*** Opening PROVIDED DATA ***

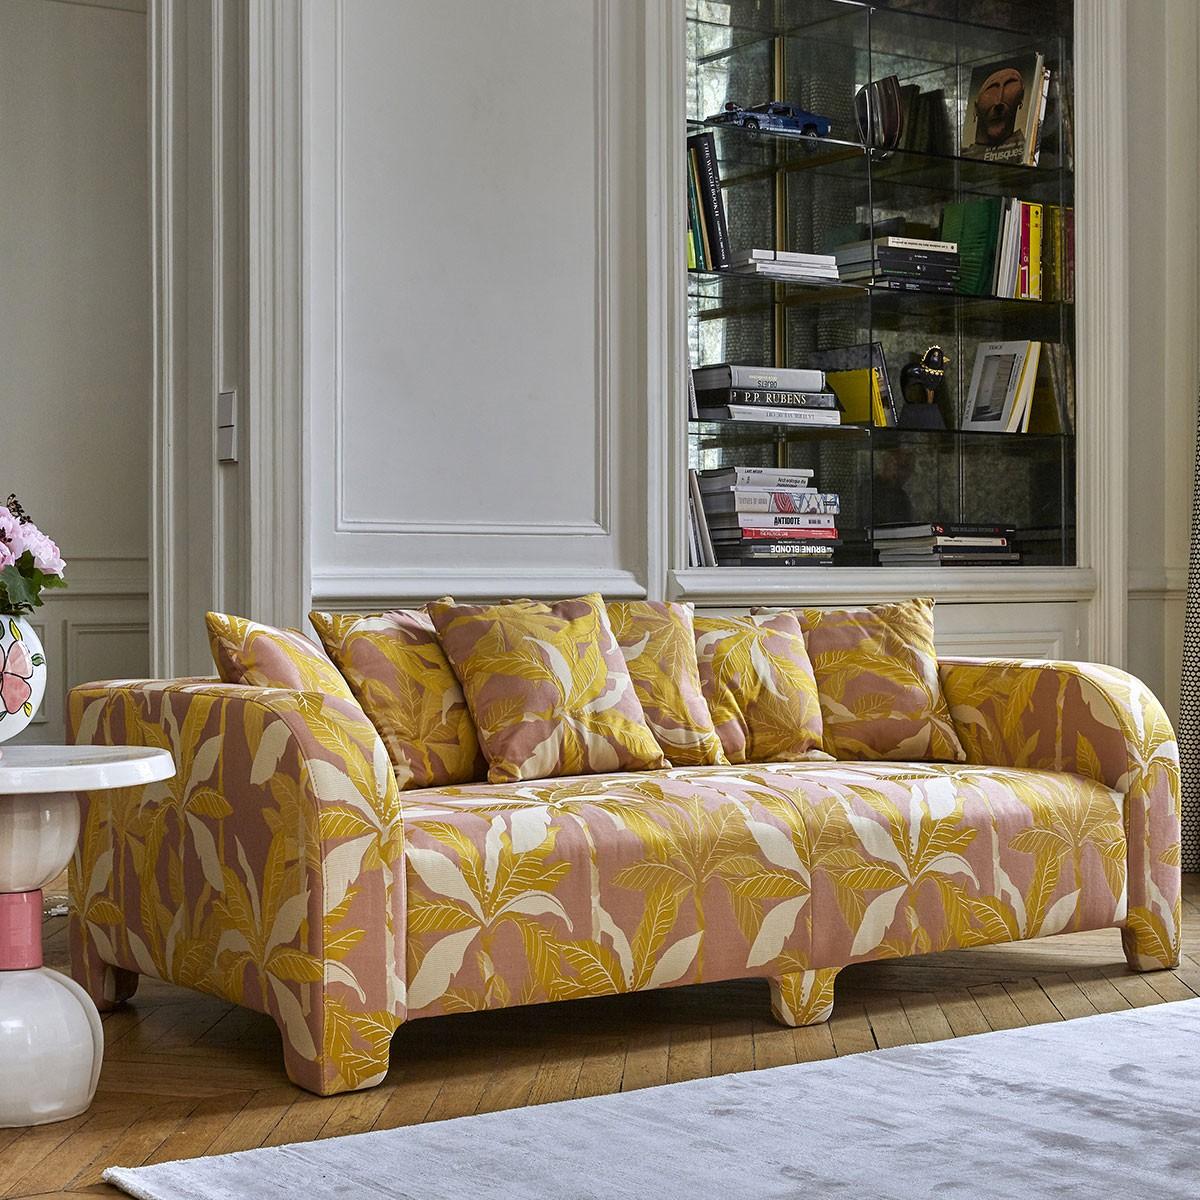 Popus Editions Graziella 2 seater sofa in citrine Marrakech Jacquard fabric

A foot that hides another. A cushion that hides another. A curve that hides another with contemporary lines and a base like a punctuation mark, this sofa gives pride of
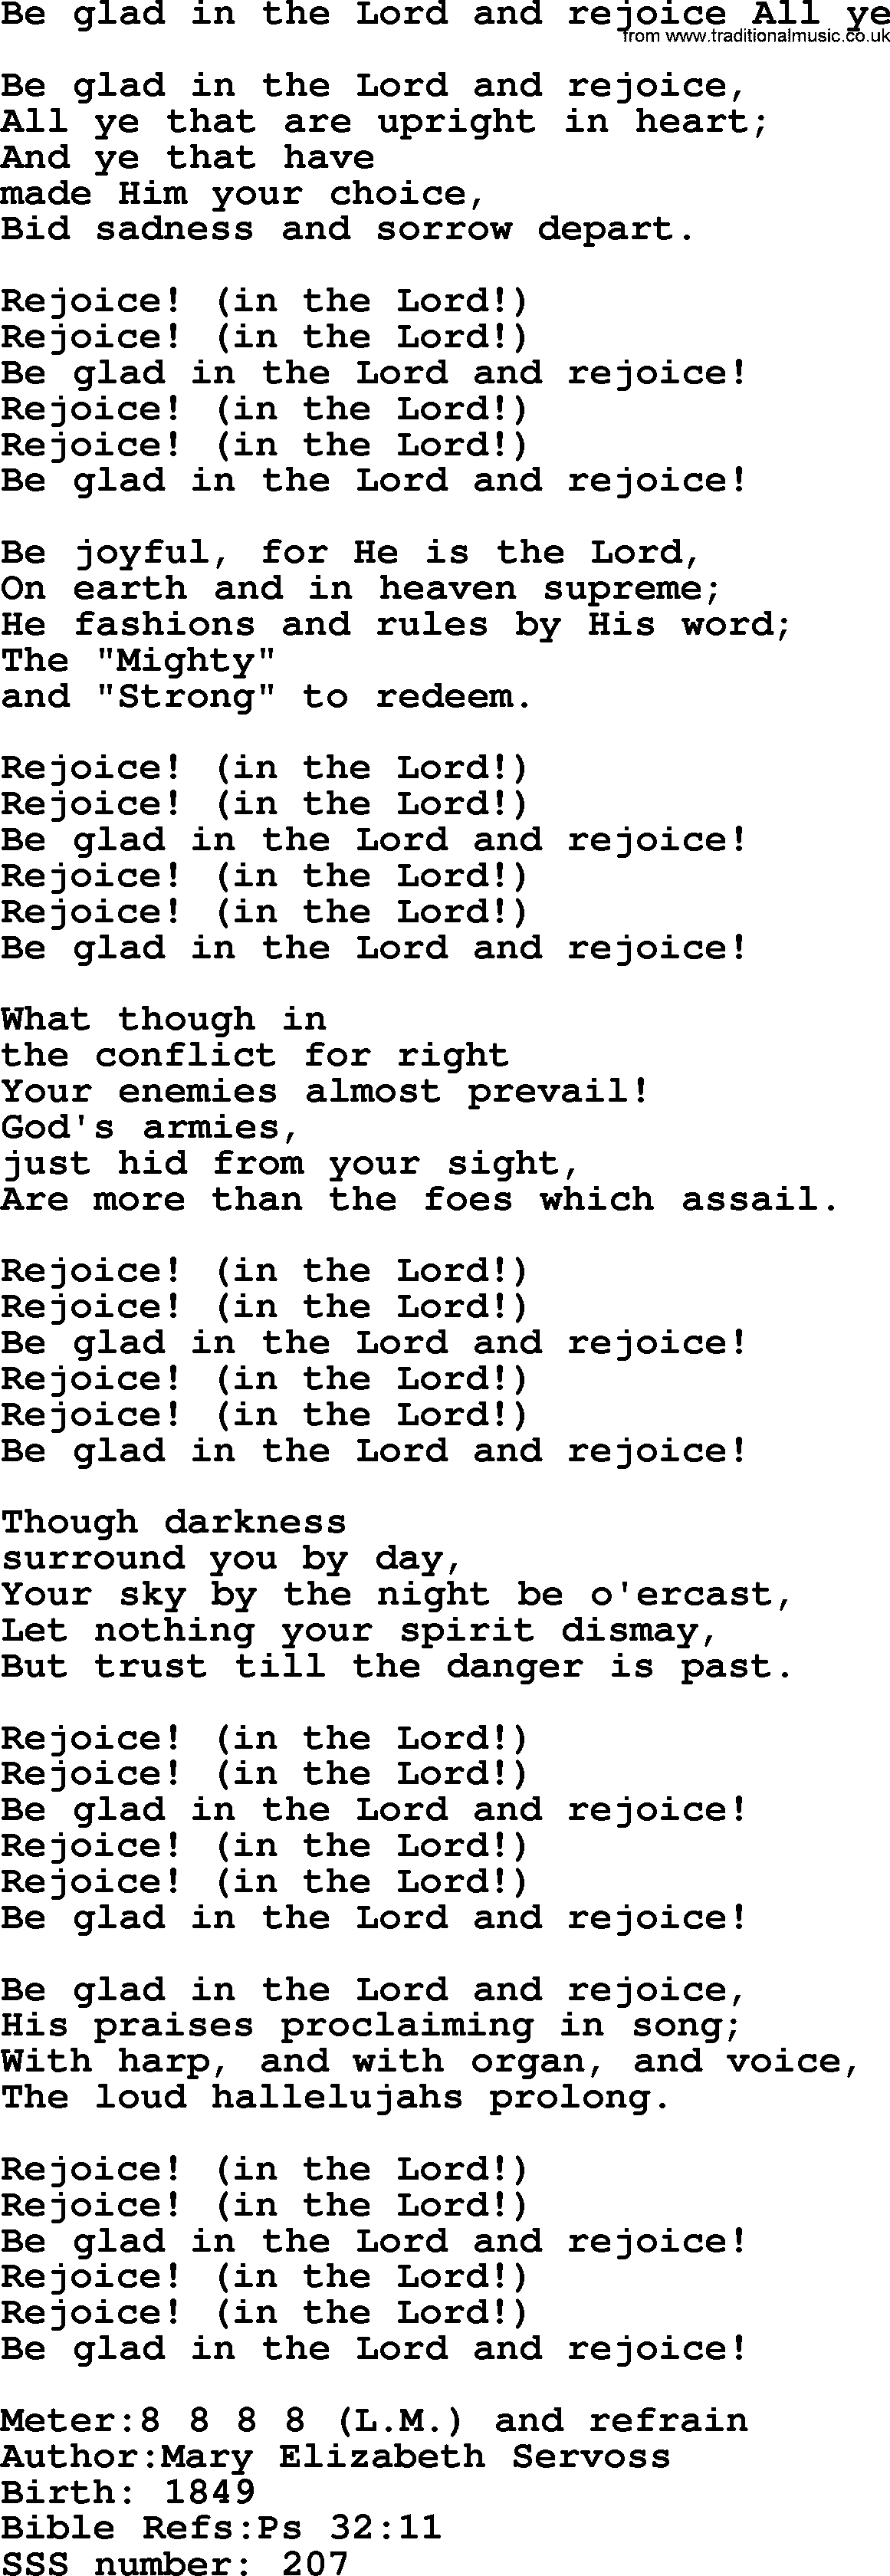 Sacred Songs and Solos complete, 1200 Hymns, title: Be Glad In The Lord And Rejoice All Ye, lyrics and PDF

*** Closing PROVIDED DATA ***
*** Opening PROVIDED DATA ***

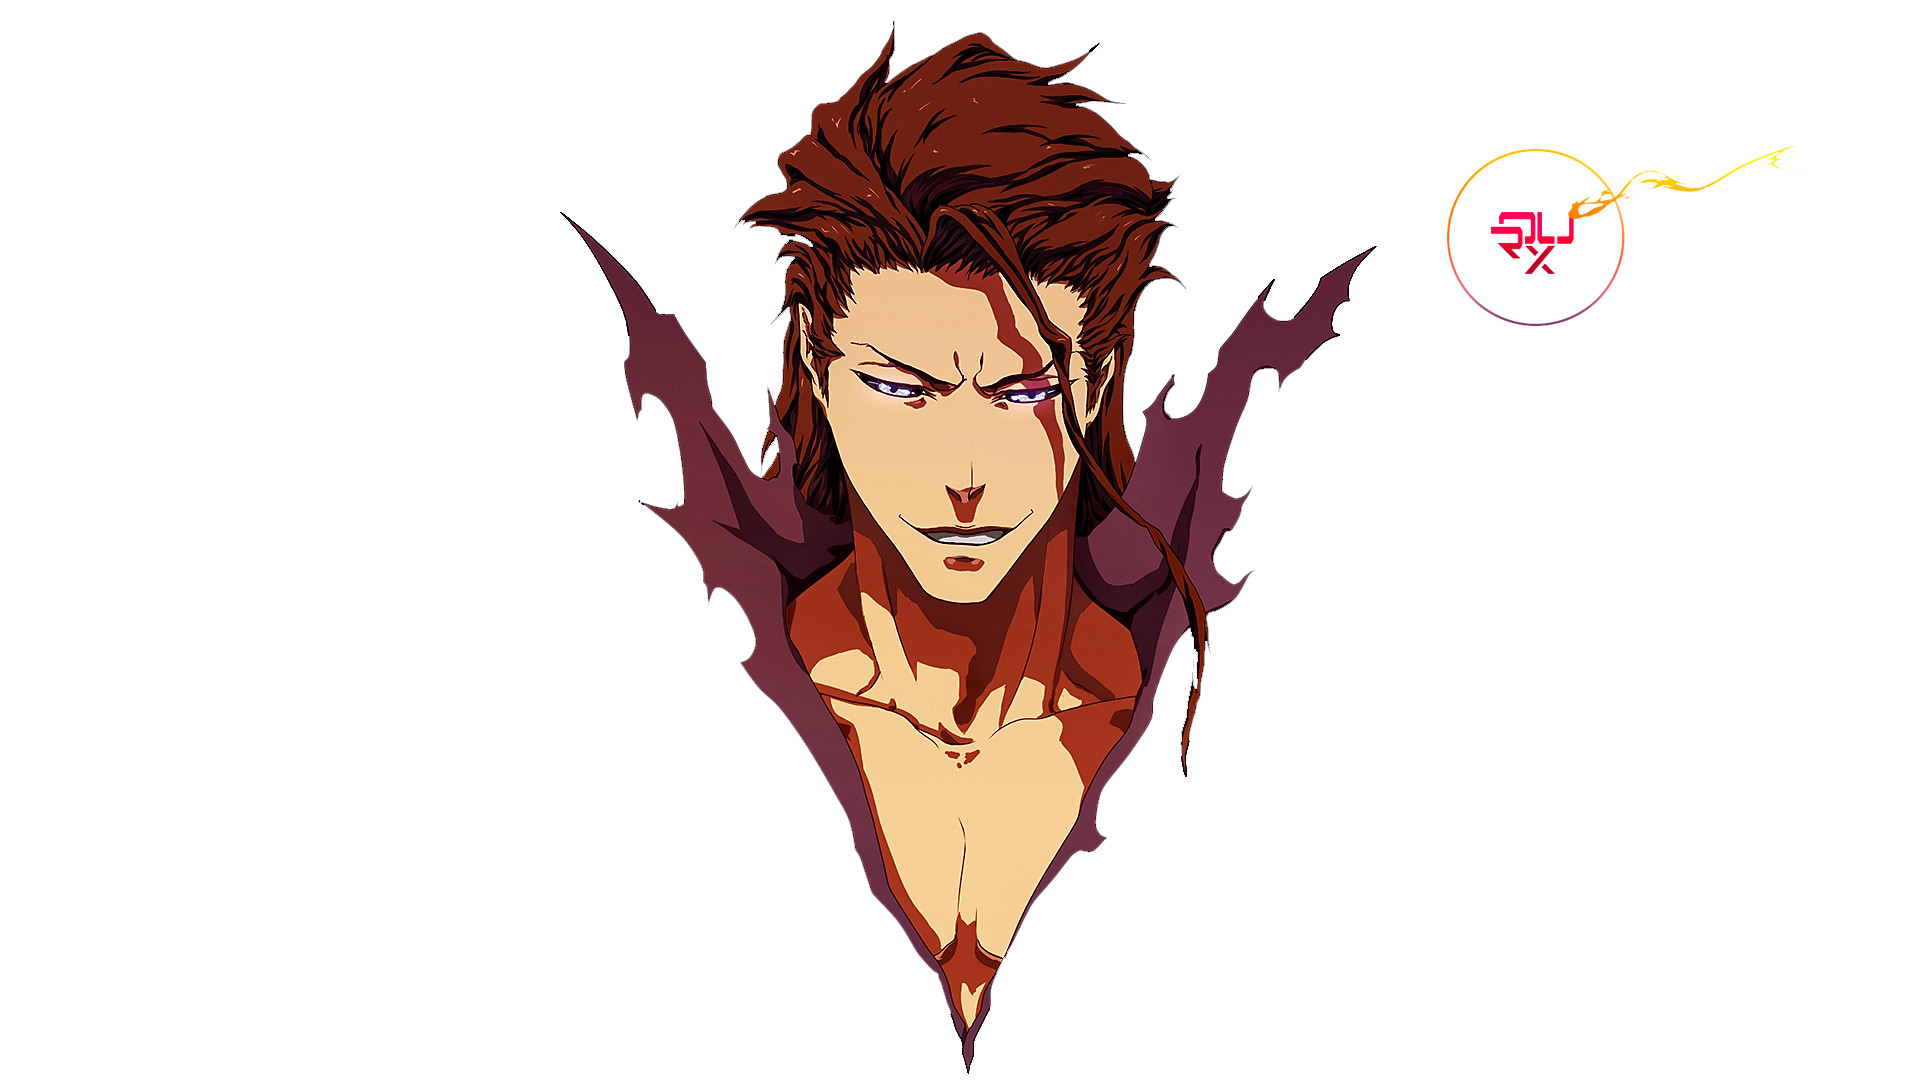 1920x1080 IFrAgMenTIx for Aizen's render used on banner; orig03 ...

*** Closing PROVIDED DATA ***
*** Opening PROVIDED DATA ***

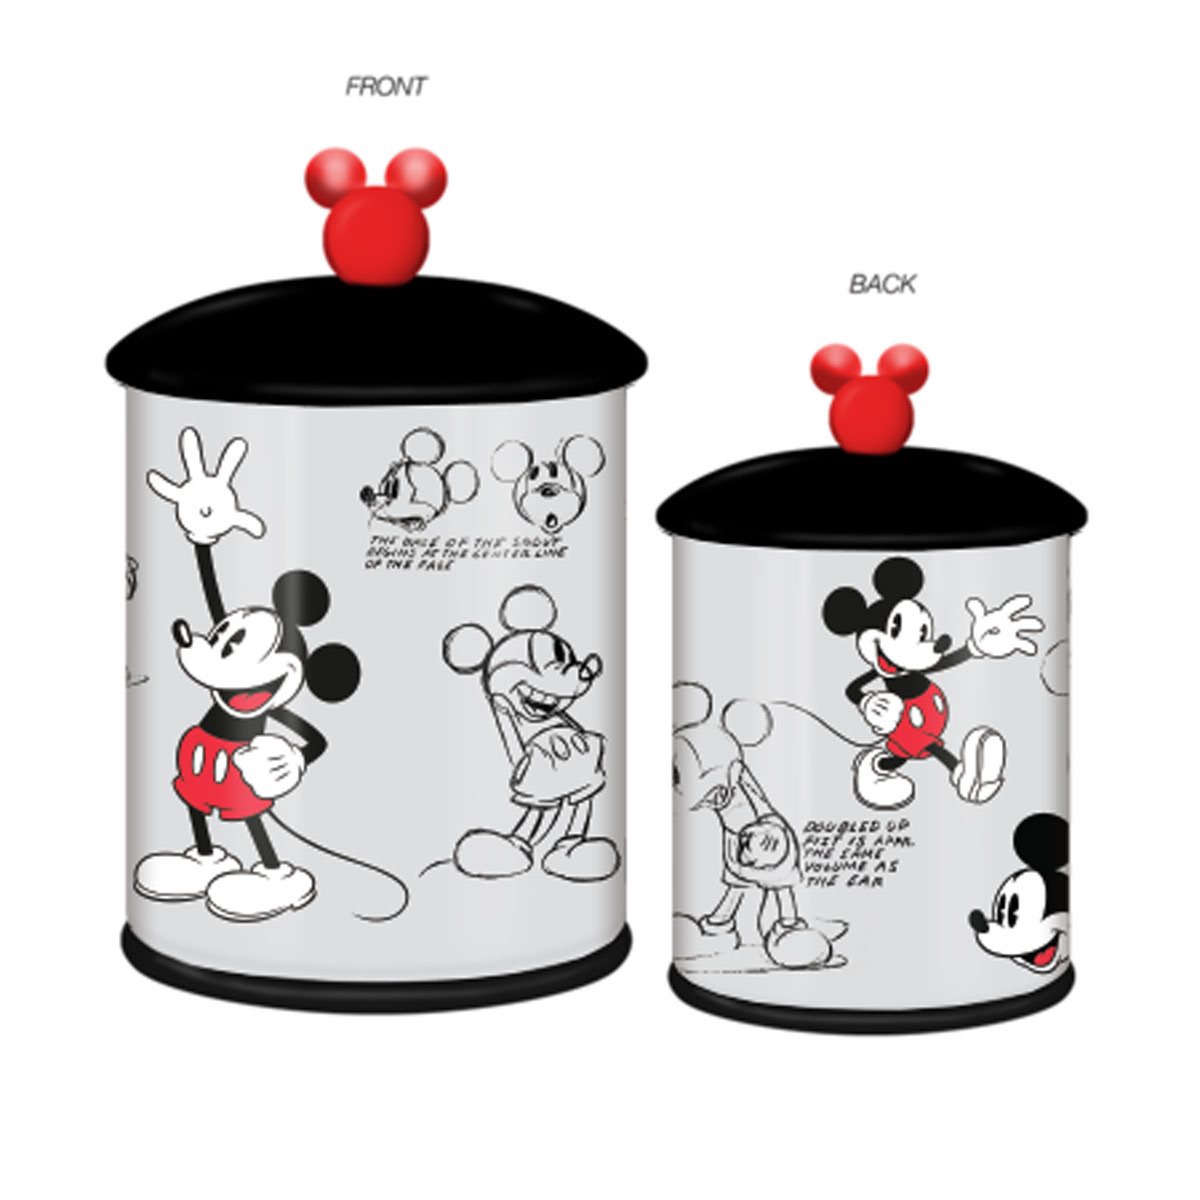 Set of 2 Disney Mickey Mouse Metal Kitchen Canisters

*** Closing PROVIDED DATA ***

→ WHAT IS REQUIRED:
Transcribe exactly the lines above, beginning at the one with "A foot that" and going up to and including the one with "Sacred Songs and". Pictures do not belong in the copy.

→ SOLUTION BELOW:
A foot that hides another. A cushion that hides another. A curve that hides another with contemporary lines and a base like a punctuation mark, this sofa gives pride of
 Sacred Songs and Solos complete, 1200 Hymns, title: Be Glad In The Lord And Rejoice All Ye, lyrics and PDF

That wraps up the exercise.